The tightest prime zipper Define a prime zipper as an increasing function $f(n)$ mapping $\mathbb{N}$ into $\mathbb{N}$
with the property that, for every $n \ge 1$, there is at least one prime within the
inclusive interval $[ f(n), f(n+1) ]$.
For example, let $f(n)=2^n$. 

   


This is a prime zipper, because Bertrand's Postulate says that, for every $n$, there is a prime $p$
such that $n < p < 2n$.
What is the slowest-growing known or conjectured prime zipper? Is there a polynomial prime zipper?

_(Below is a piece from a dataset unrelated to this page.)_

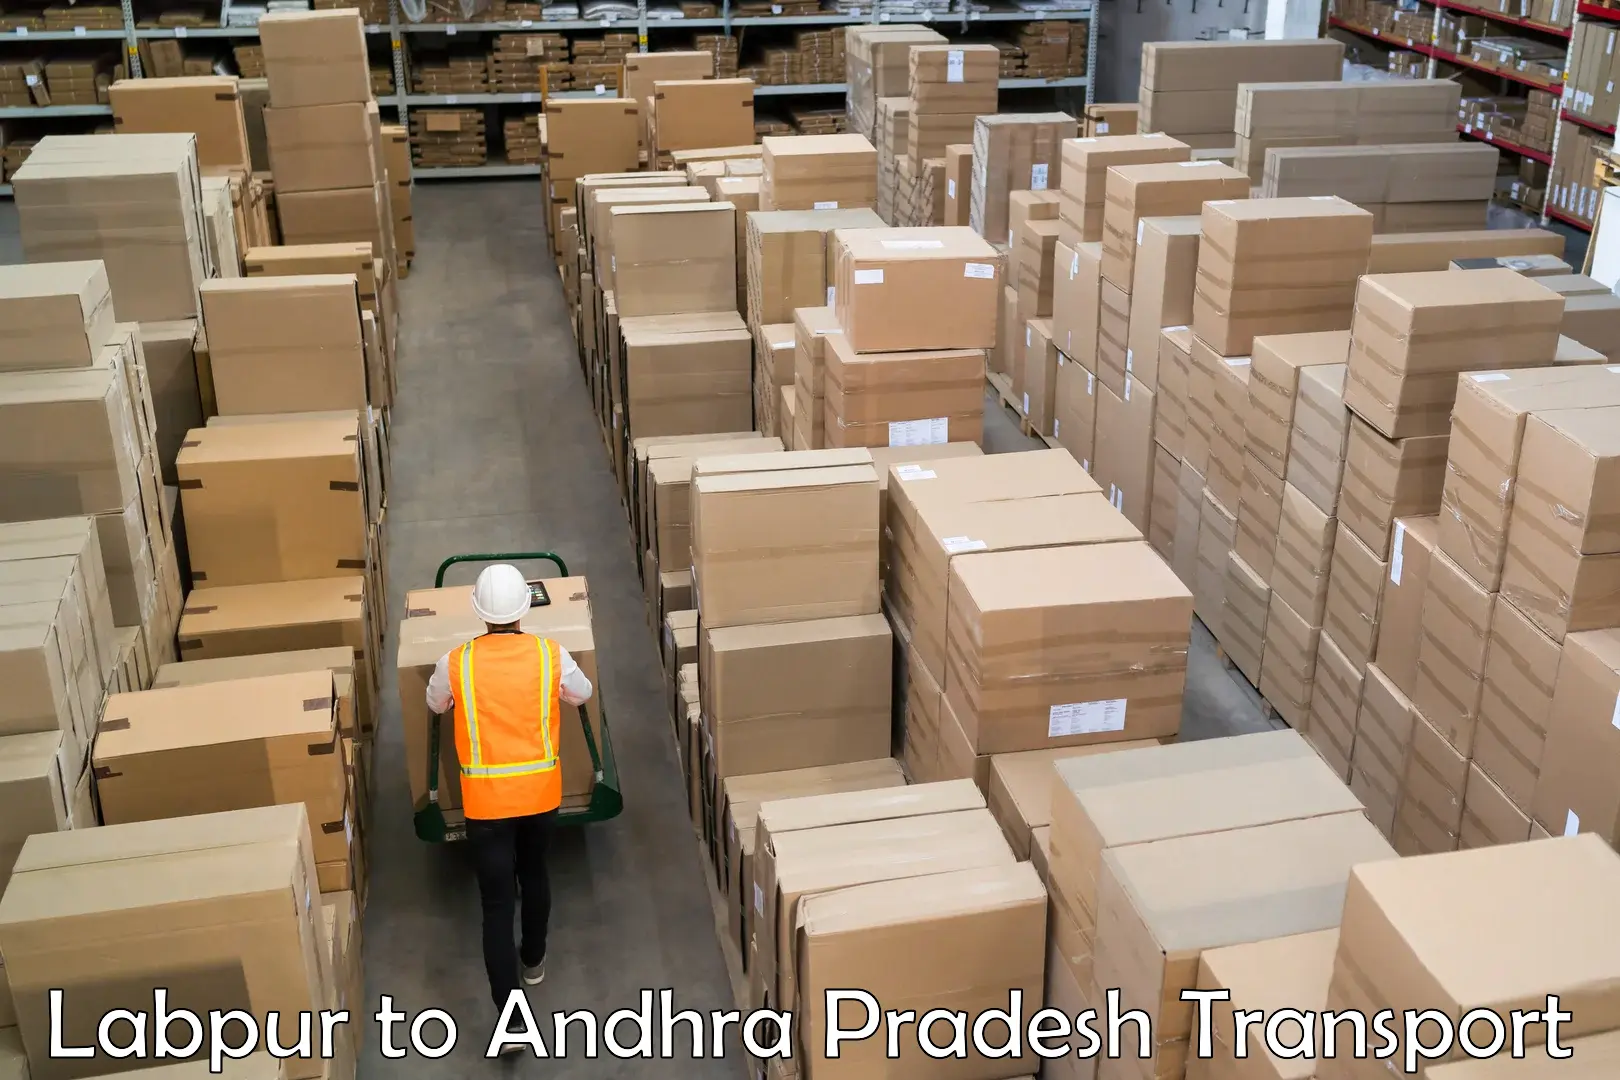 Truck transport companies in India Labpur to Nellore

 A: The slowest growing zipper will depend on the size of $p_{n+1}-p_n$ where $p_n$ is the $n^{th}$ prime number.  There are many results regarding the size of the largest prime gap.
Unconditional:  The work of Baker, Harman and Pintz shows that $$p_{n+1}-p_n \ll p_n^{0.525}$$ for some computable constant.   This means that your zipper function may be taken to be $f(n)=Cn^{40/19}$ for some constant $C$.  The $\frac{40}{19}$ appears in the exponent because $\frac{40}{19}=\frac{1}{1-0.525}$.
Conditional:
If we assume the Riemann Hypothesis, then we have $$ p_{n+1}-p_n \ll \sqrt {p_n}\log p_n,$$ and we may take $f(n)=n^2 \log n$.  Assuming Cramer's conjecture, which says that $$p_{n+1}-p_n =O\left((\log p_n)^2\right),$$ would allows us to take $f(n)=Cn(\log n)^2$ for some constant $C$.
Also see this Wikipedia article on prime gaps.
Remark: Note that finding a prime zipper which grows slower than $f(n)=Cn^{40/19}$ would imply better bounds on the largest prime gap, so your question is equivalent to asking what is the largest prime gap.
** Avoid pointless functions such as $f(n)=p_n+1$.